● WHAT YOU HAVE TO DO: Please give back each line of the material unchanged, but without the images.

● INFORMATION SHOWN:
'''
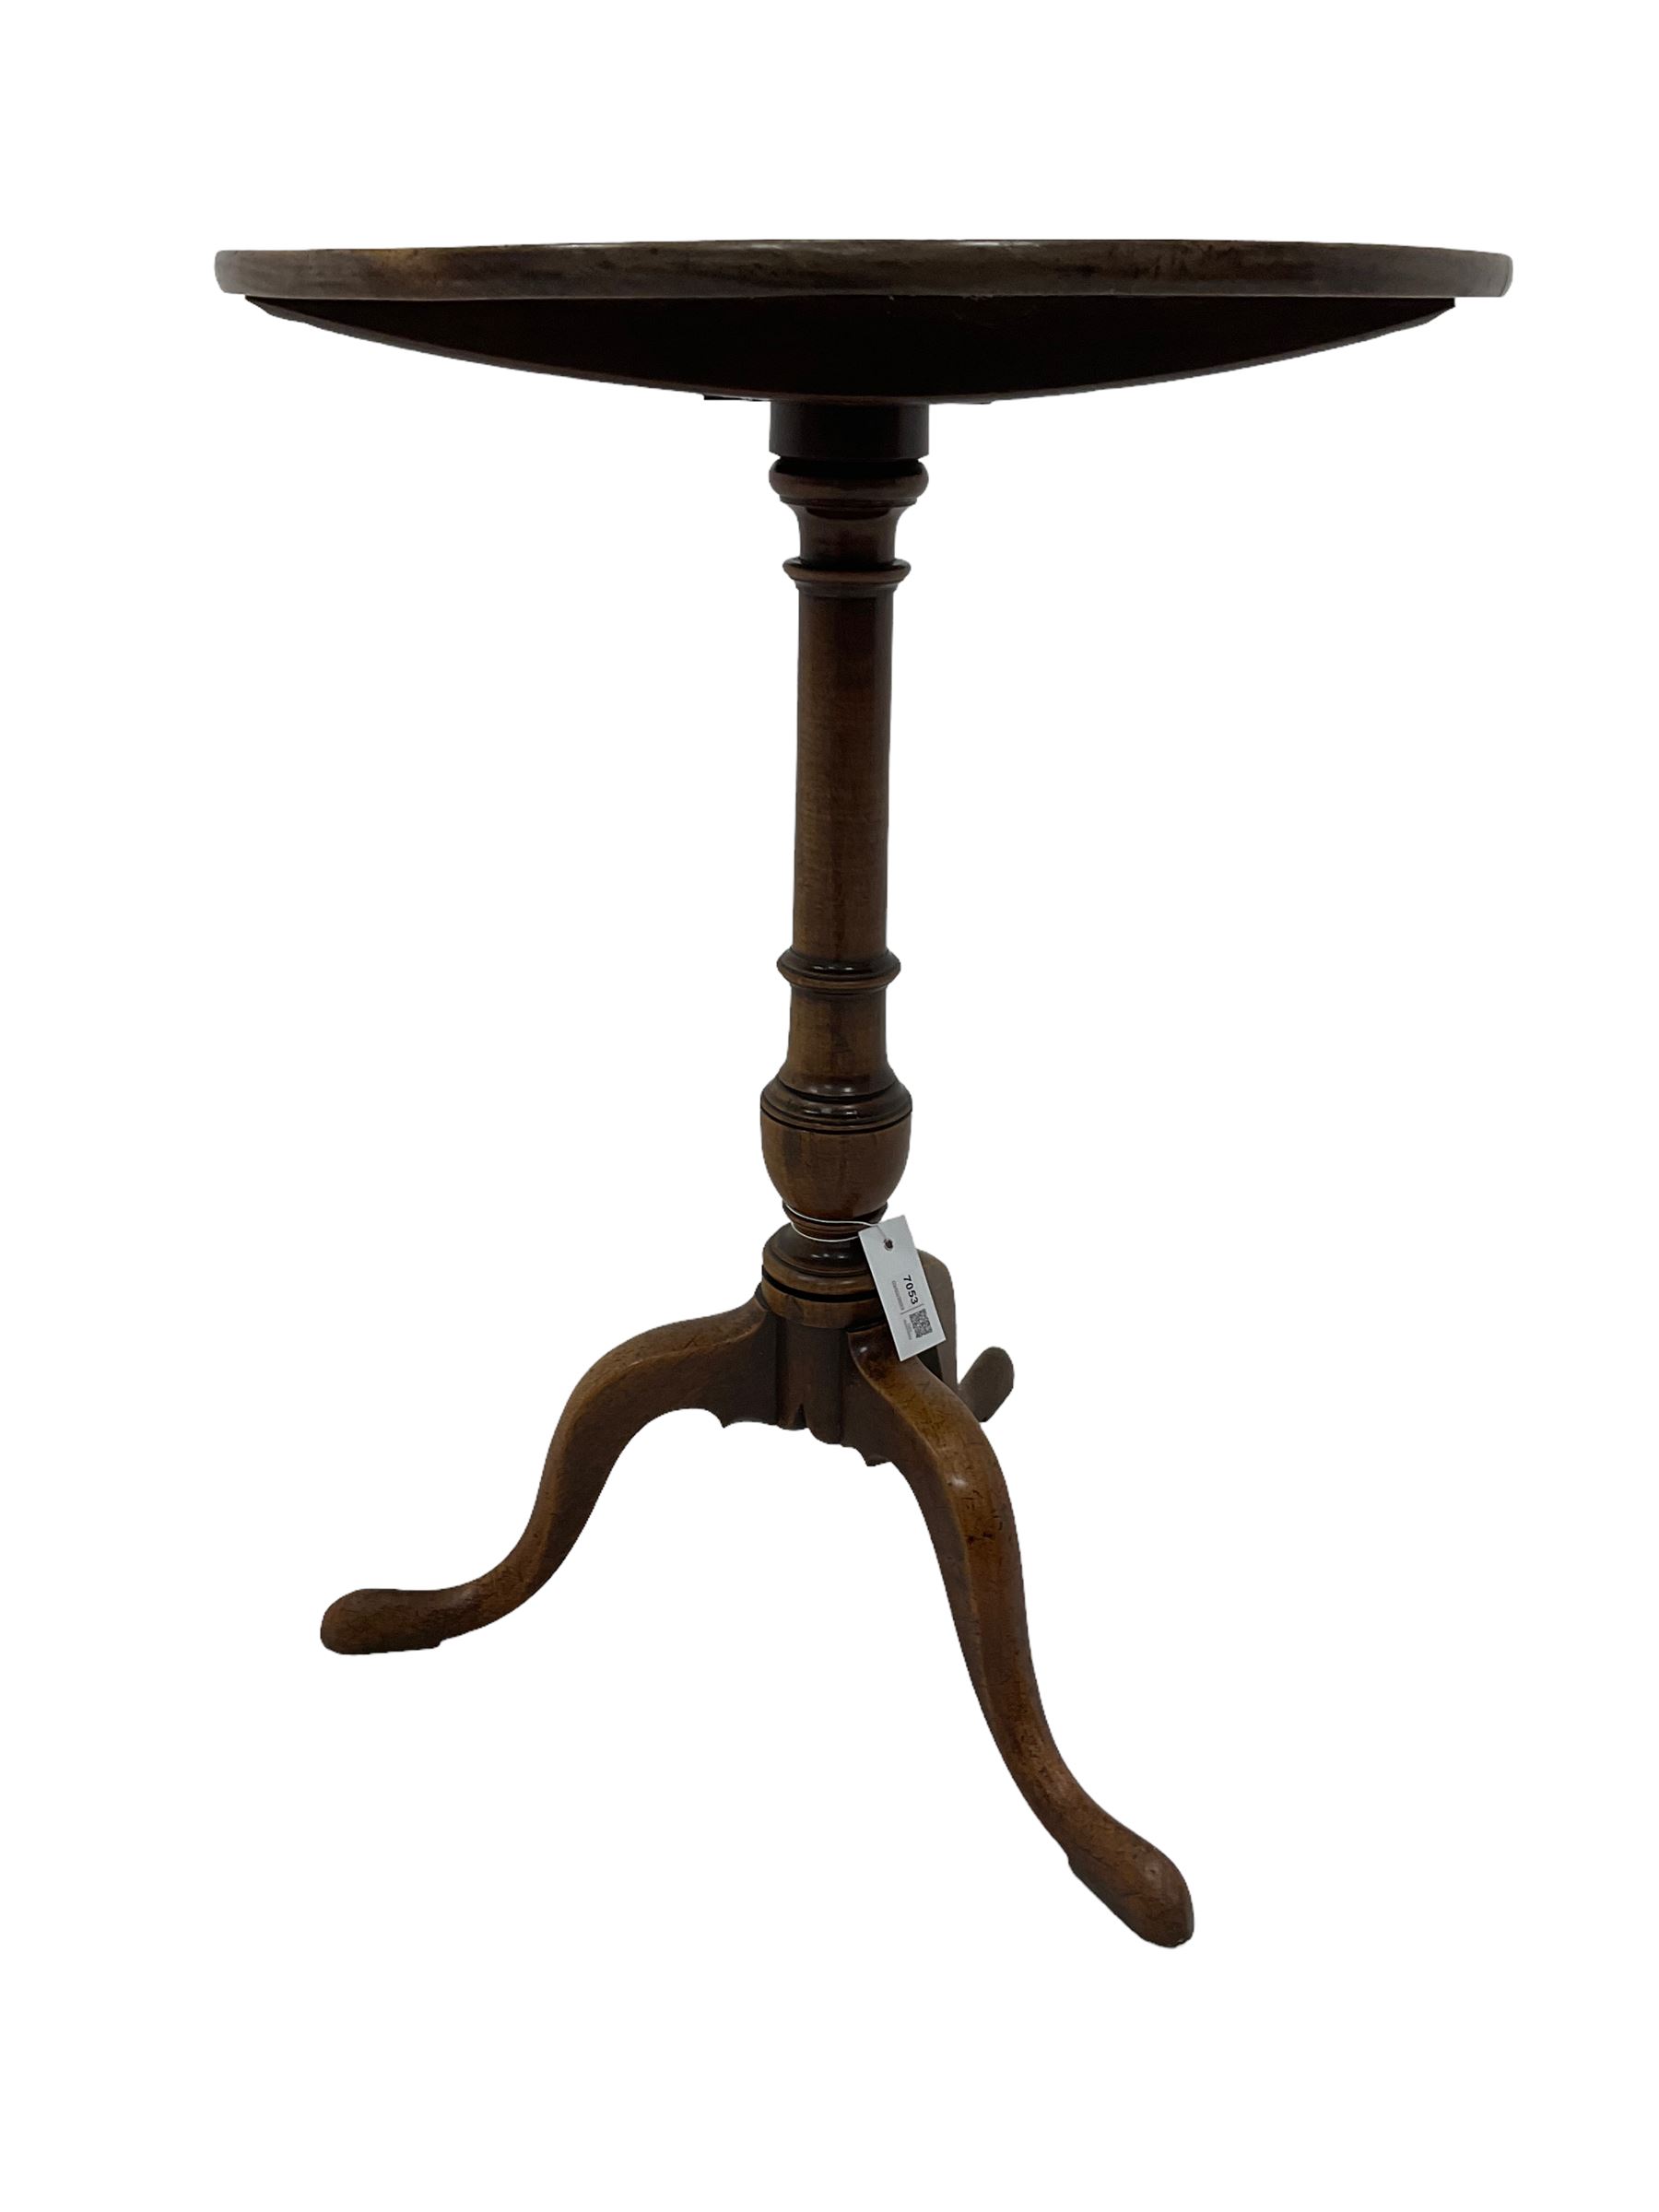 Late George III mahogany circular tilt-top occasional table - Image 2 of 5
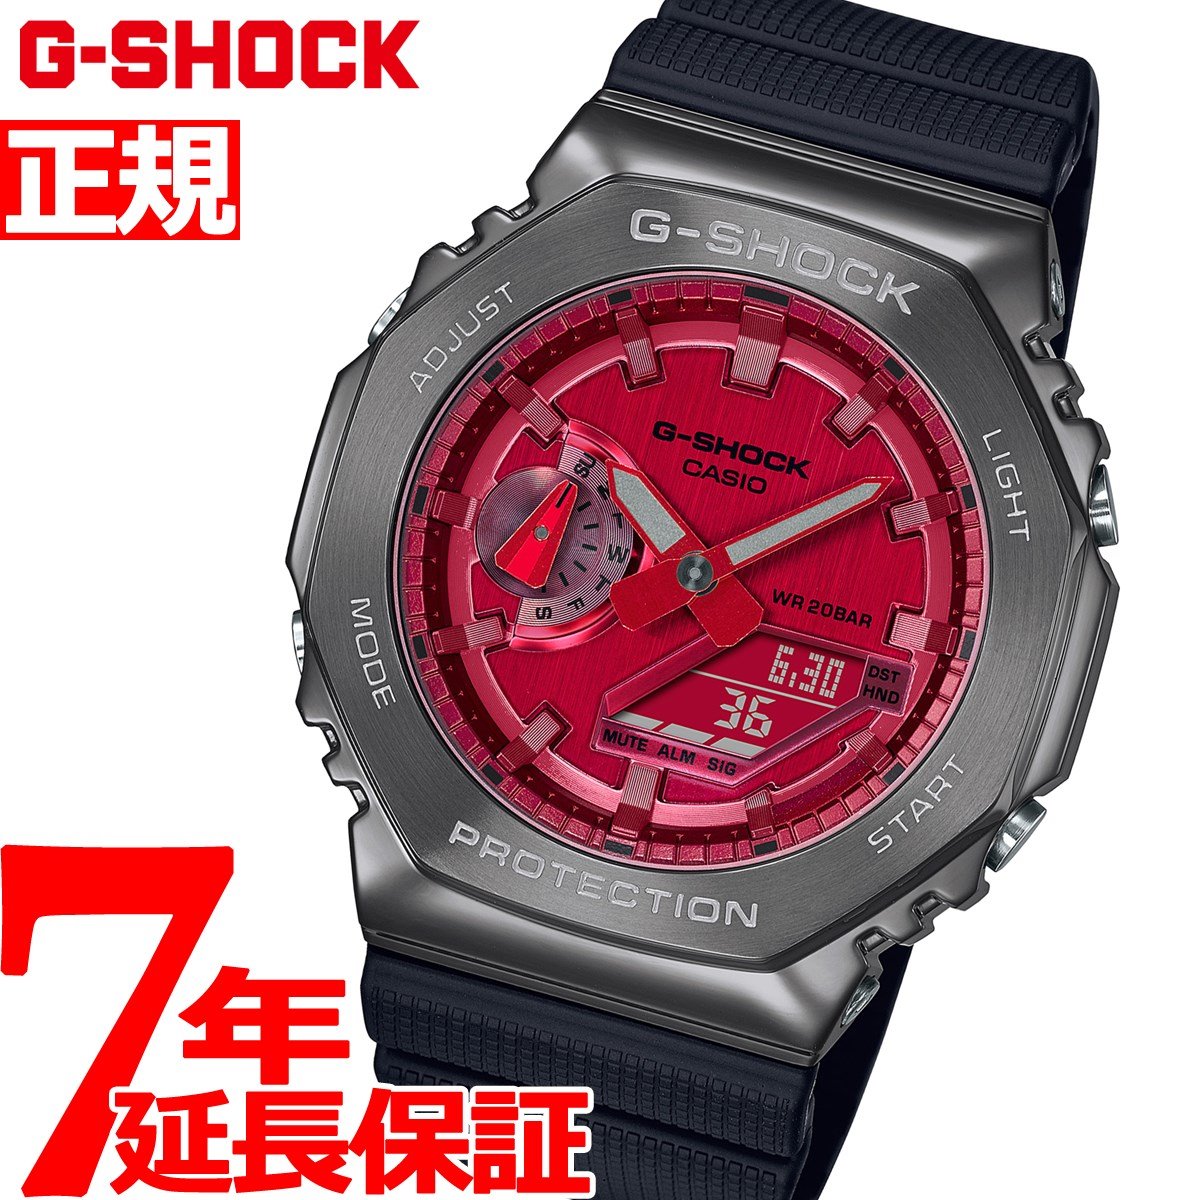 G-SHOCK Gショック メタル カシオ CASIO 限定モデル 赤 腕時計 メンズ
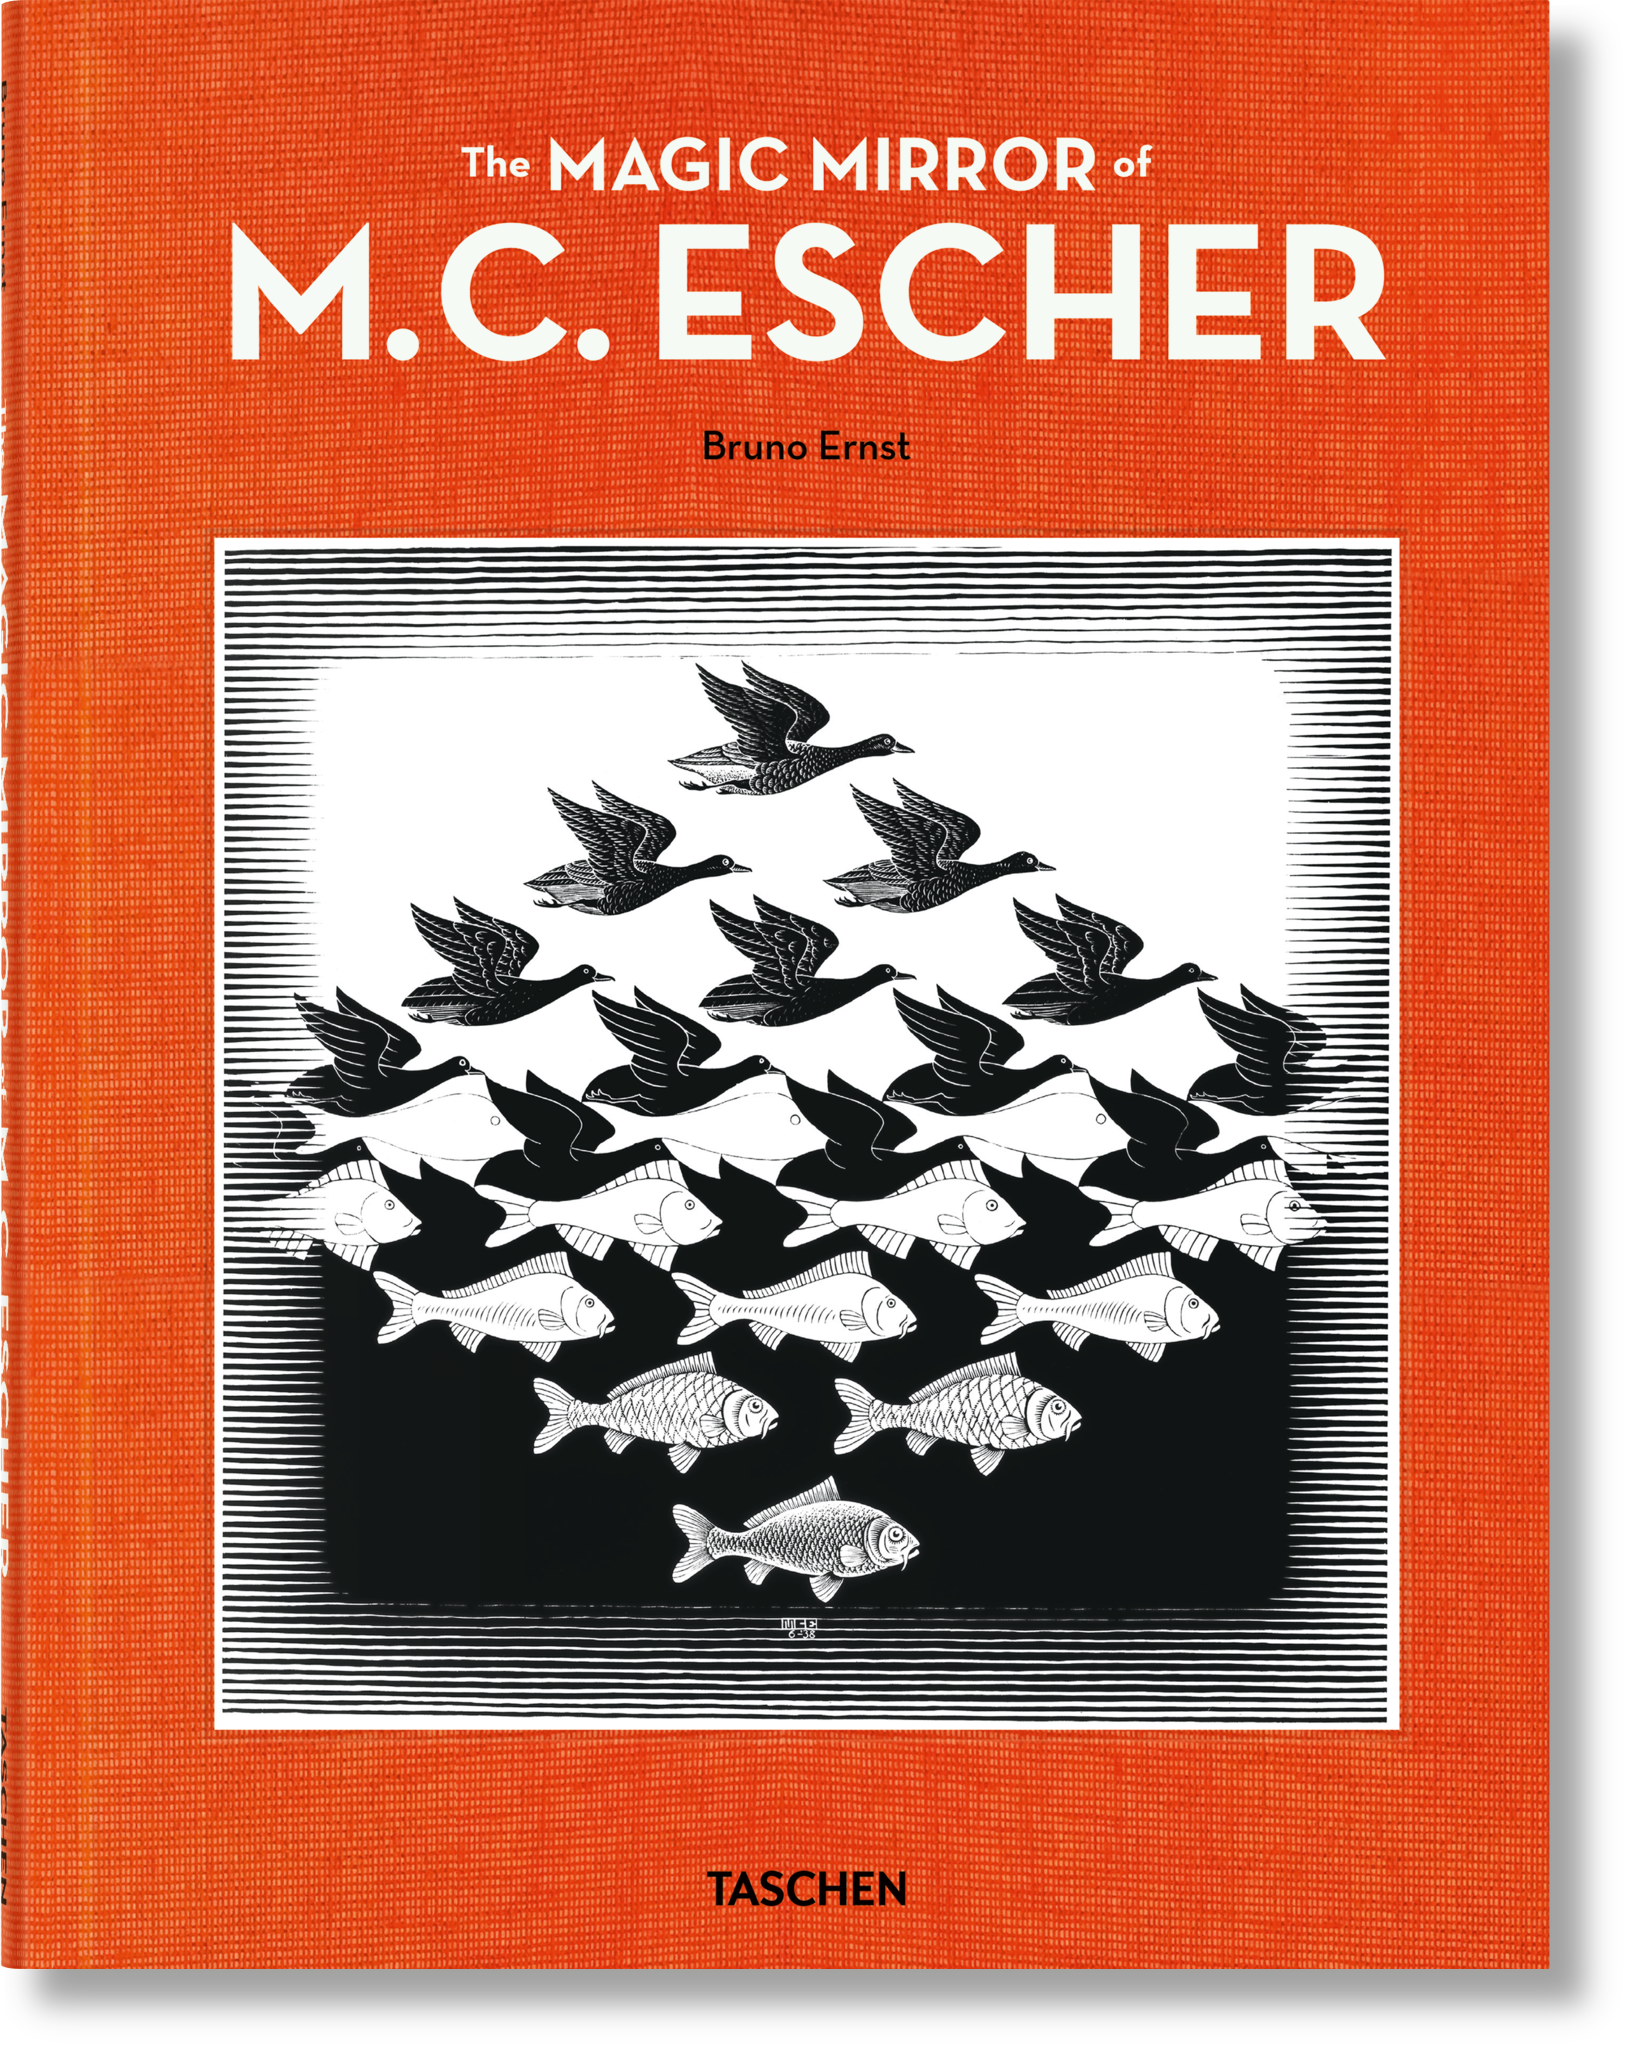 The Magic Mirror or M.C. Escher
'''
● FINISHED EXERCISE:
 Late George III mahogany circular tilt-top occasional table - Image 2 of 5
 G-SHOCK Gショック メタル カシオ CASIO 限定モデル 赤 腕時計 メンズ
 The Magic Mirror or M.C. Escher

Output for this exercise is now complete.